ASSIGNMENT
Only the lines from the one with "Terminal 1 at Heathrow" through the end of the data below belong in the answer, restated word for word, pictures excluded.

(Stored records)
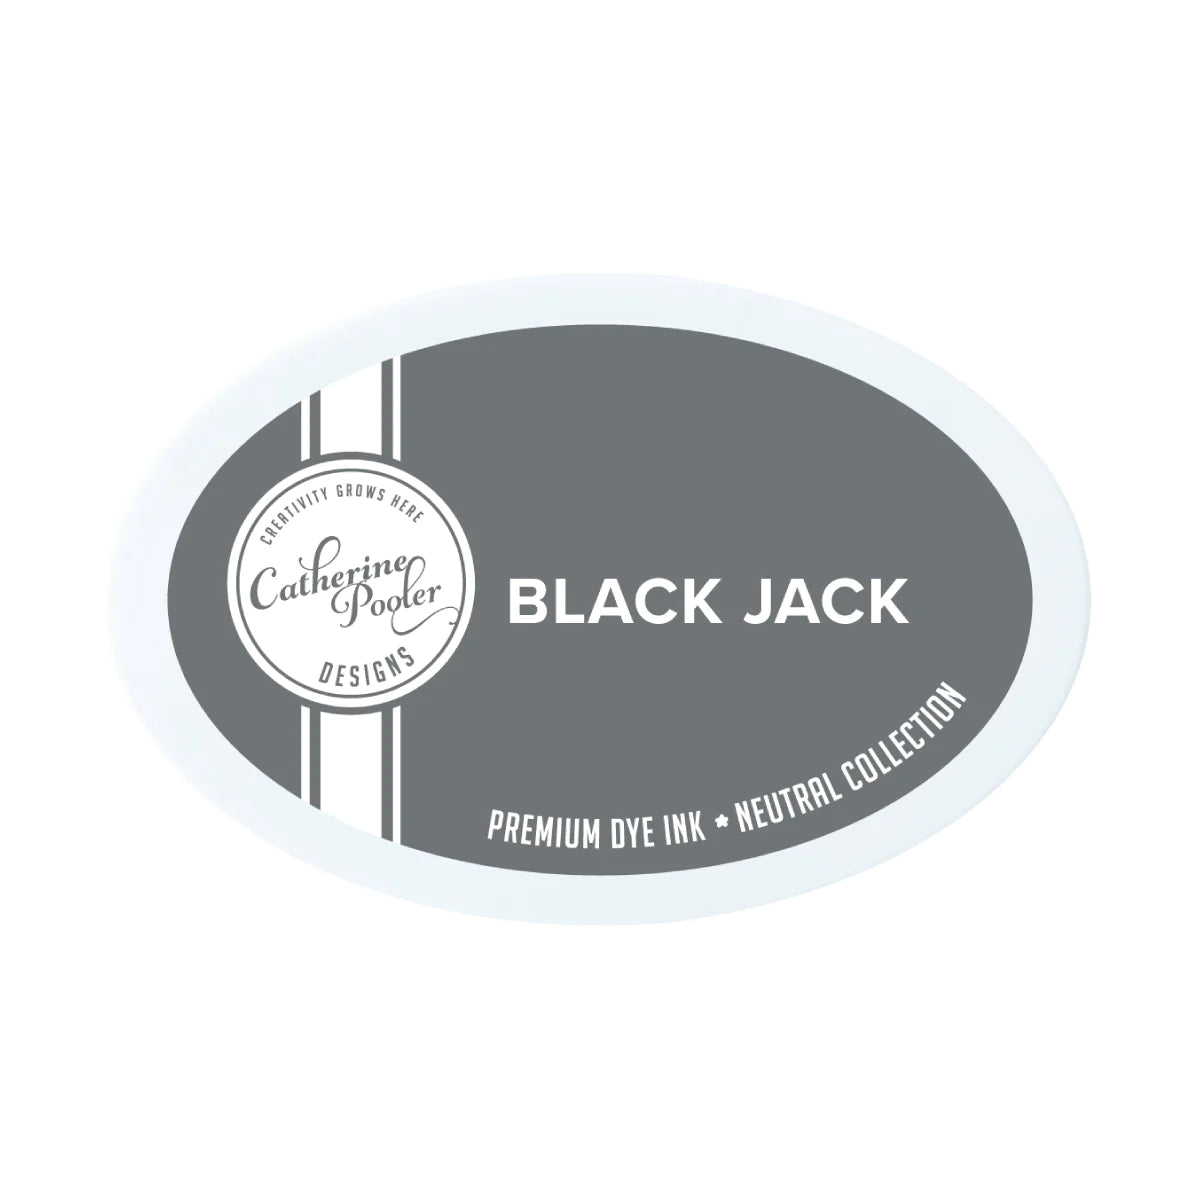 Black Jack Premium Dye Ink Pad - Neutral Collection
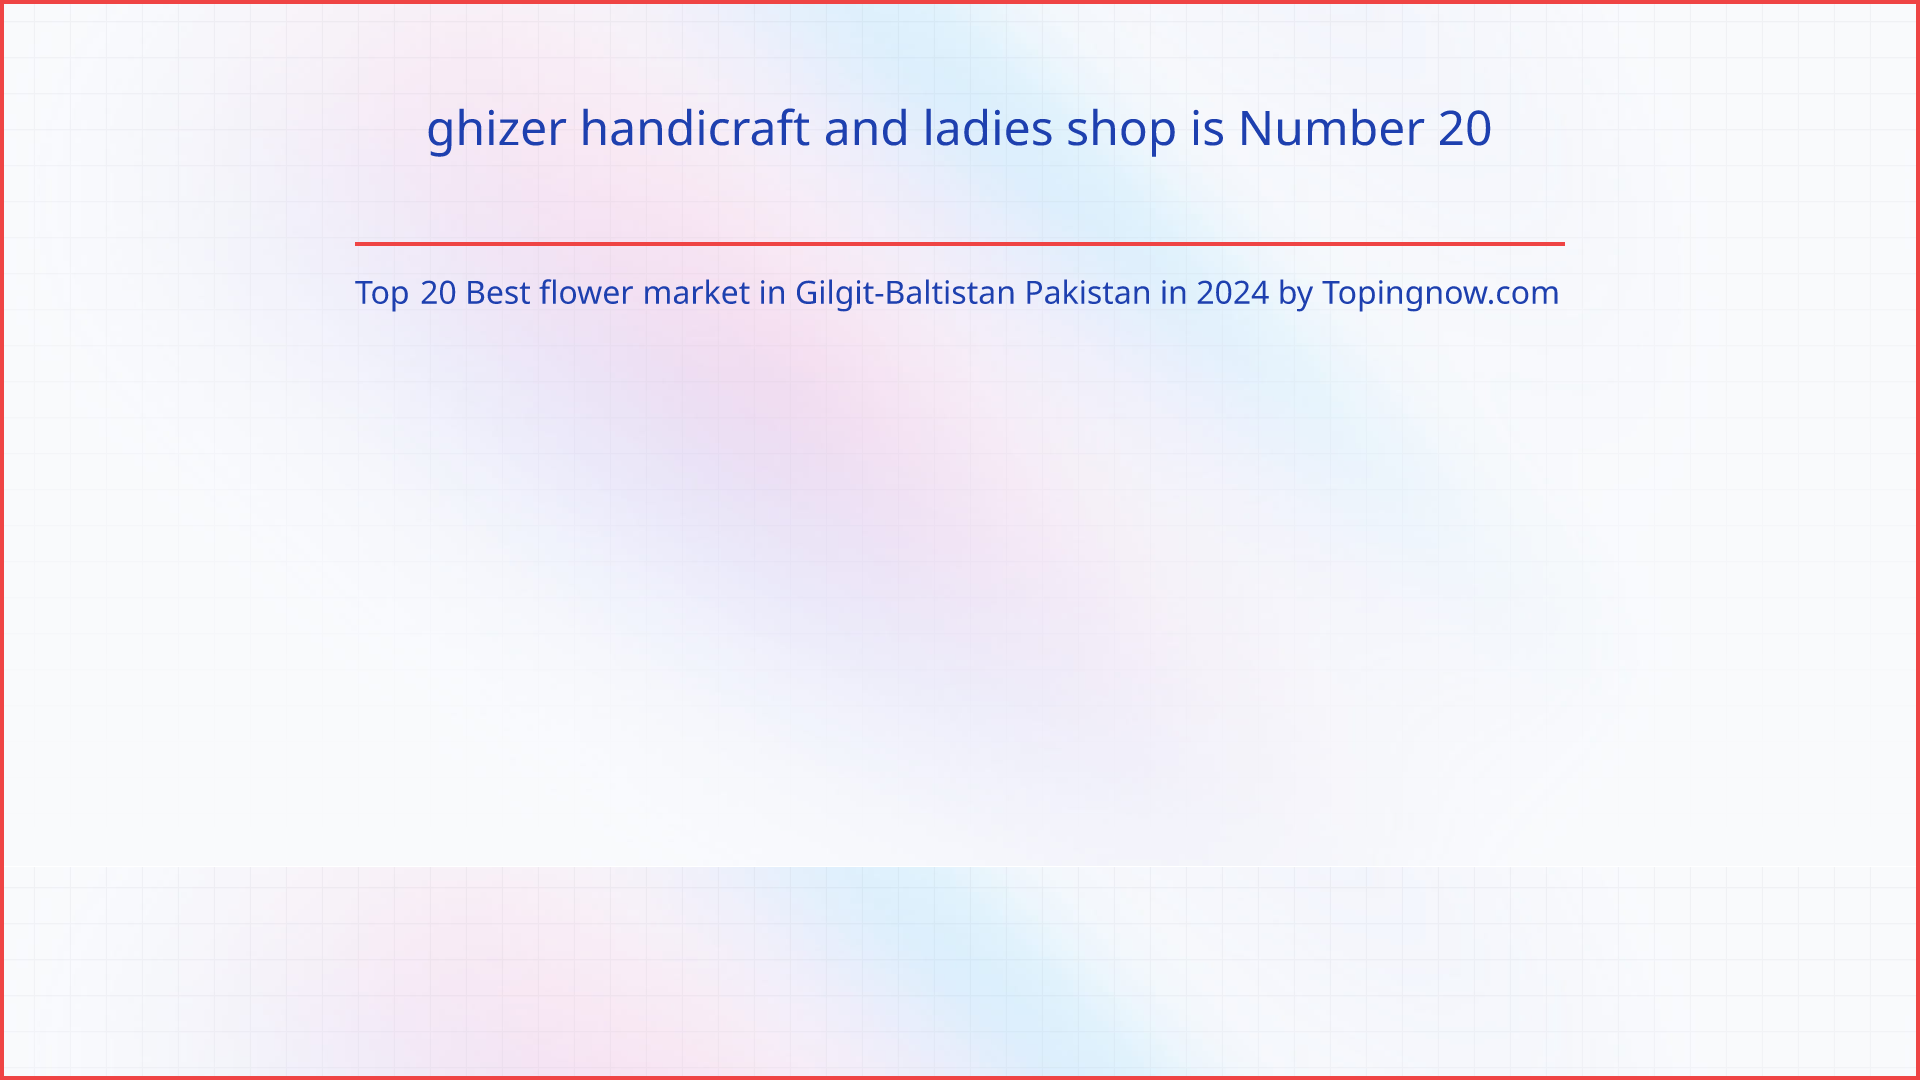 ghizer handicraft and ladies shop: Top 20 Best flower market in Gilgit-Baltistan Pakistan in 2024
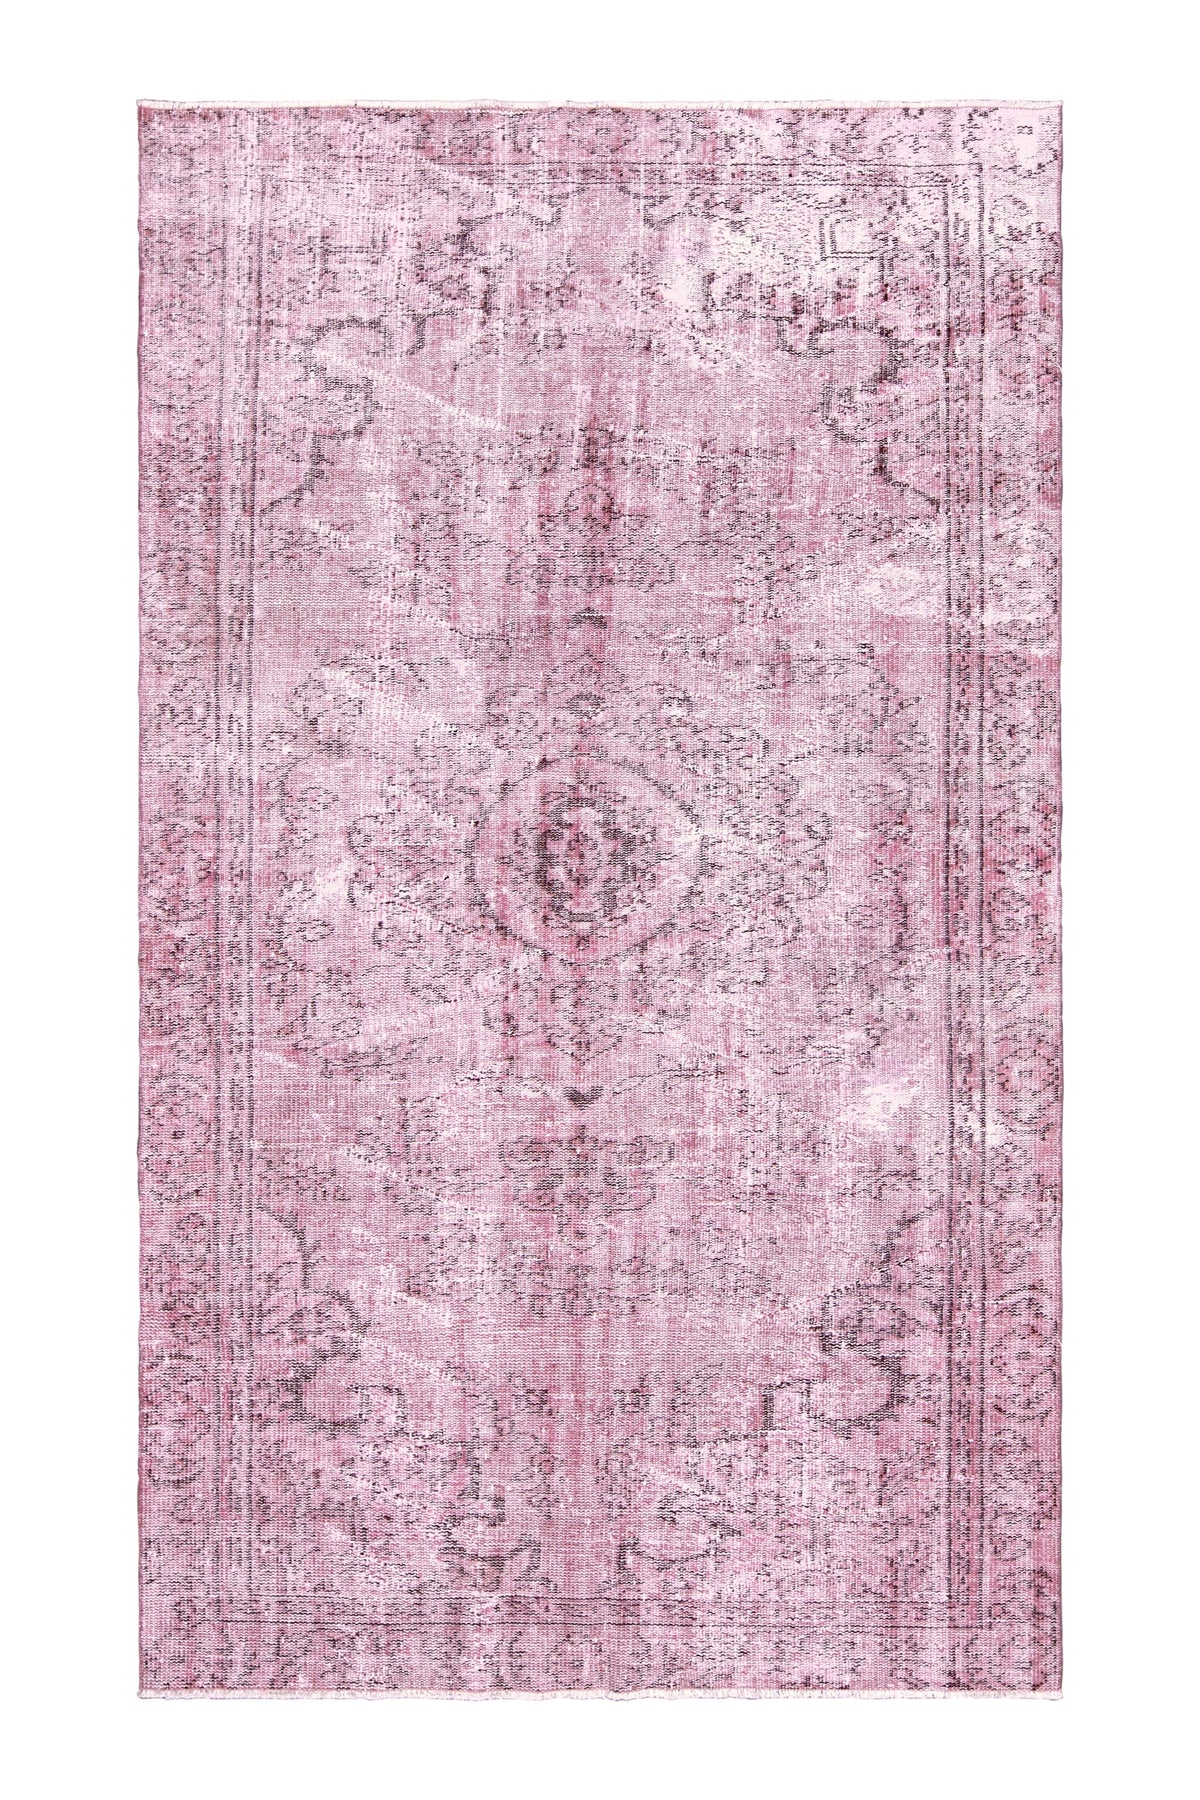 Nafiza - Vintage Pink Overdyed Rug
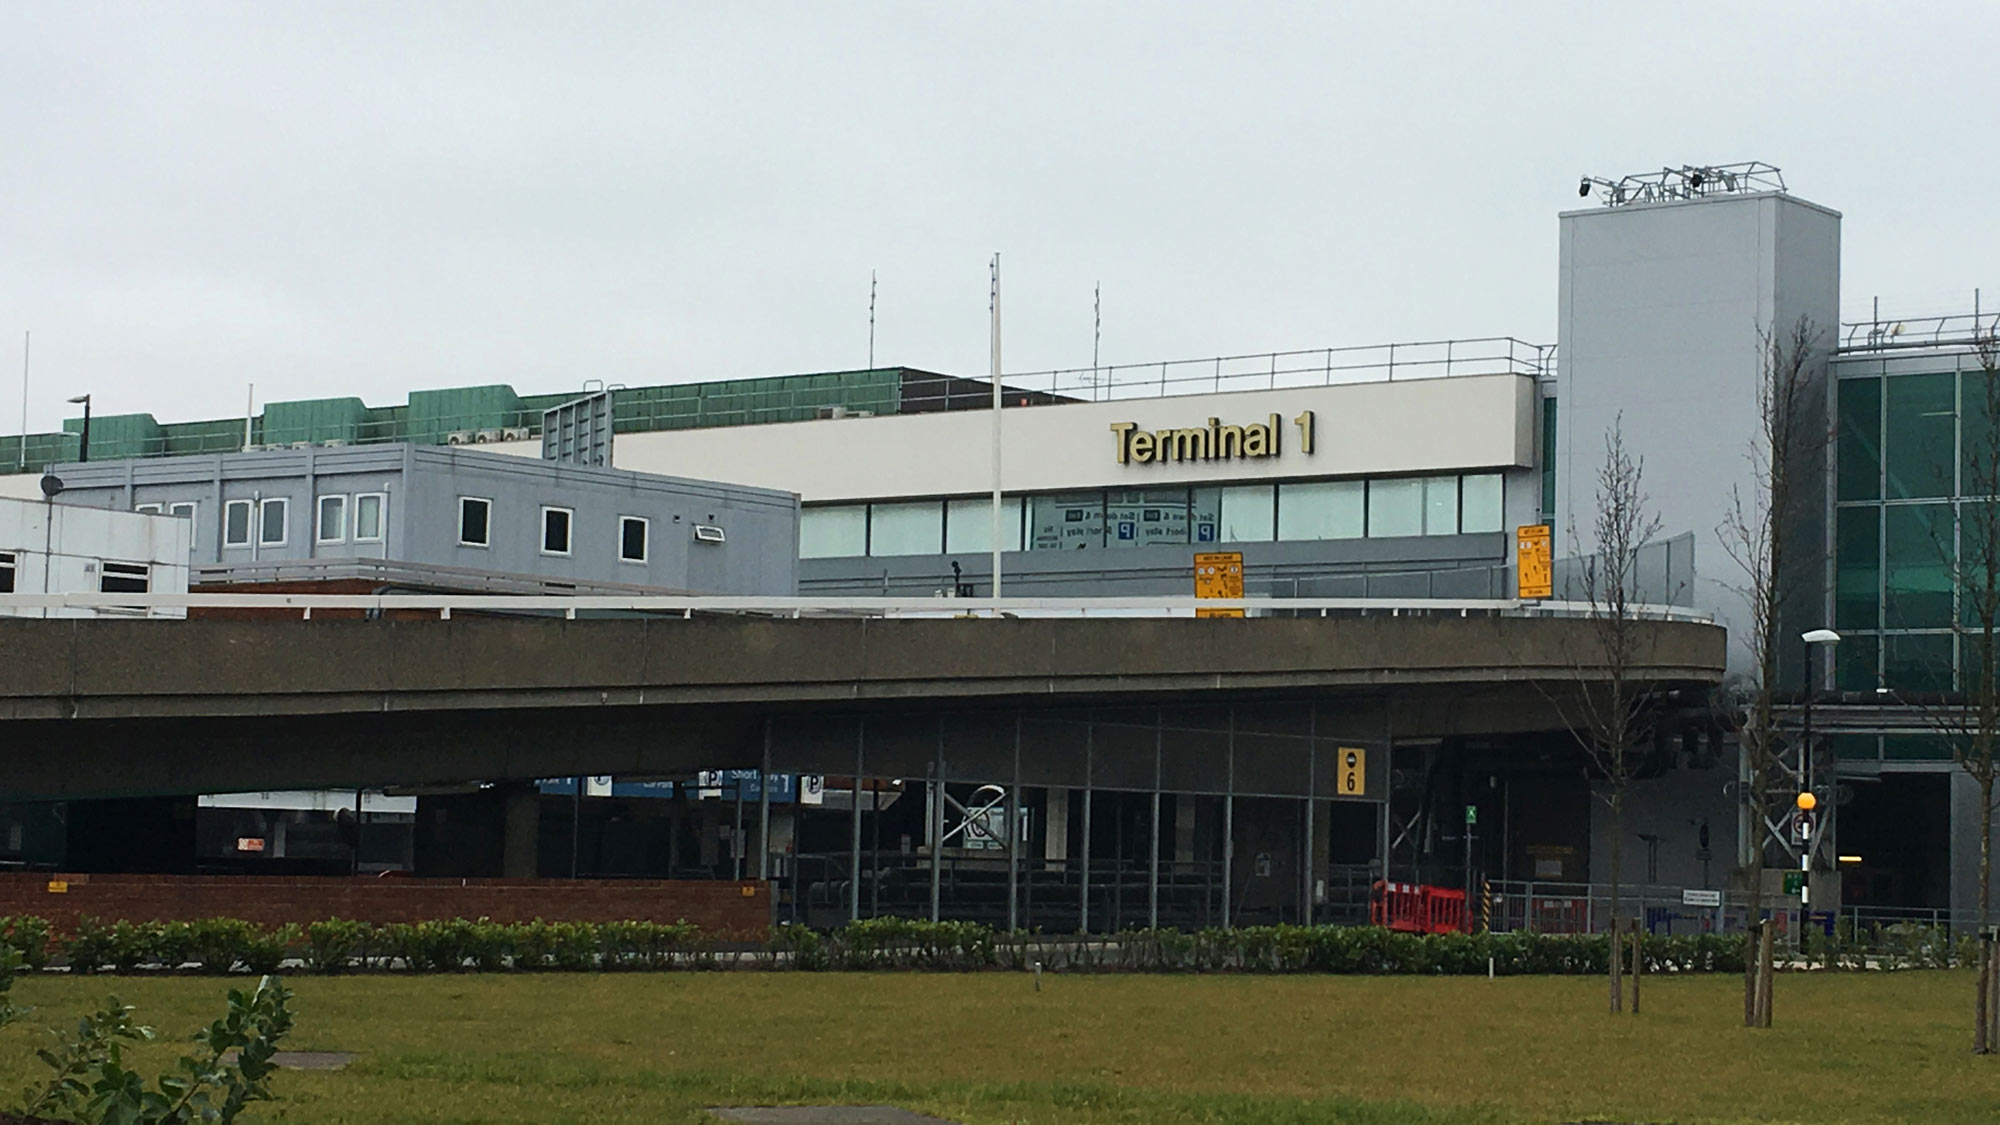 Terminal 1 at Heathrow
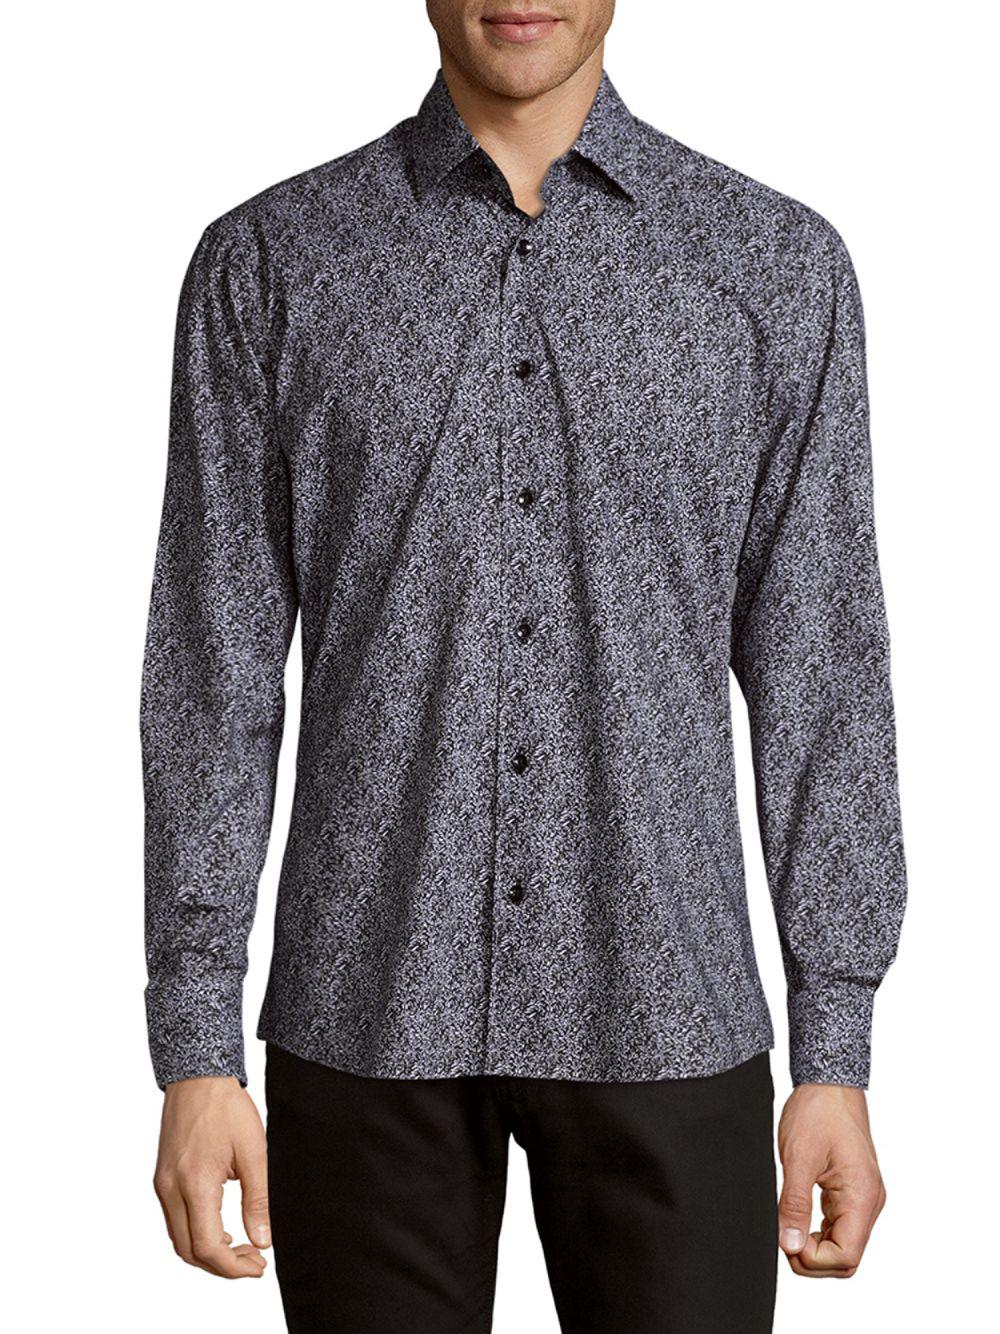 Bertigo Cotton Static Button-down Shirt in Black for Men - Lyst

REPLY
 Terminal 1 at Heathrow
 Bertigo Cotton Static Button-down Shirt in Black for Men - Lyst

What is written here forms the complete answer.